= Nangoniel =

Nangoniel was the Mapuche Toqui in 1585, and son of the previous toqui Cayancaru. He was the first Toqui to use cavalry with the Mapuche army.

Following the failure of his siege of Arauco, Cayancura, retired, leaving the command of the army to his son Nangoniel. He collected some infantry, and a hundred and fifty horse, which from then on began to be part of Mapuche armies. Nangoniel returned to invest the Arauco fortress again, and with his cavalry it became so closely invested, that the Spaniards were unable to supply it and were forced to evacuate it. Following this success he moved against the fort of Santísima Trinidad which protected the passage of Spanish supplies via the Bio-bio River but clashed with a division of Spanish troops, under Francisco Hernández, where he lost an arm and had other dangerous wounds. He retreated to a neighbouring mountain, where he was ambushed by a Spanish force and slain with 50 of his soldiers.
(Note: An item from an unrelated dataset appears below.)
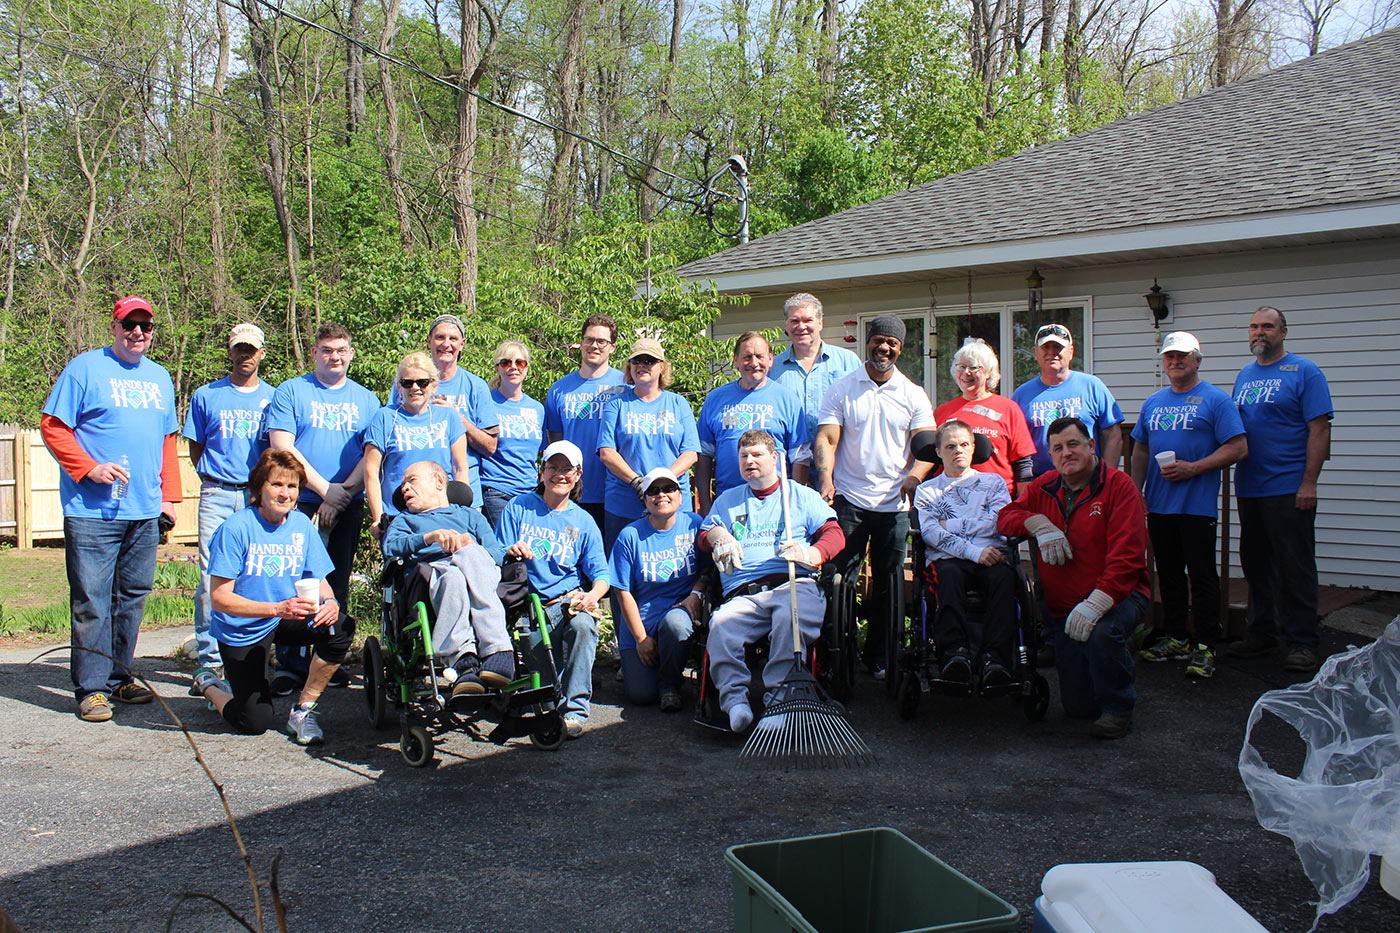 Members pose for group photo after spring clean-up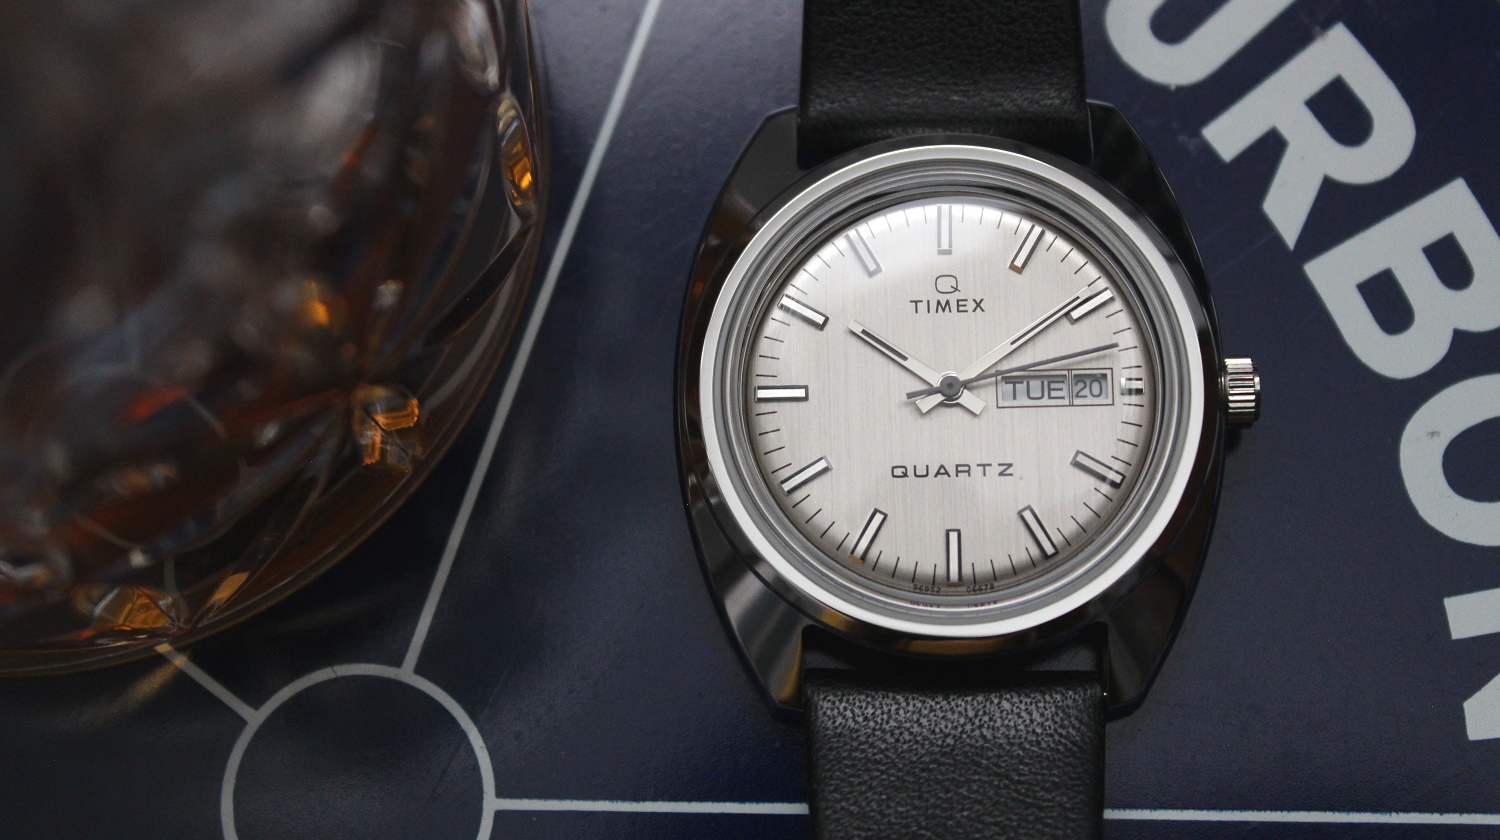 In Review: The Q Timex 1978 Reissue

The same day Cadeguala was proclaimed Toqui by the Mapuche army.

== Sources ==
- The Geographical, Natural, and Civil History of Chili By Don Juan Ignatius Molina, Longman, Hurst, Rees, and Orme, Paternoster-Row, London, 1809 pg 234-35
- José Ignacio Víctor Eyzaguirre, Historia eclesiastica: Politica y literaria de Chile, IMPRENTA DEL COMERCIO, VALPARAISO, June 1830 List of Toquis, pg. 162-163.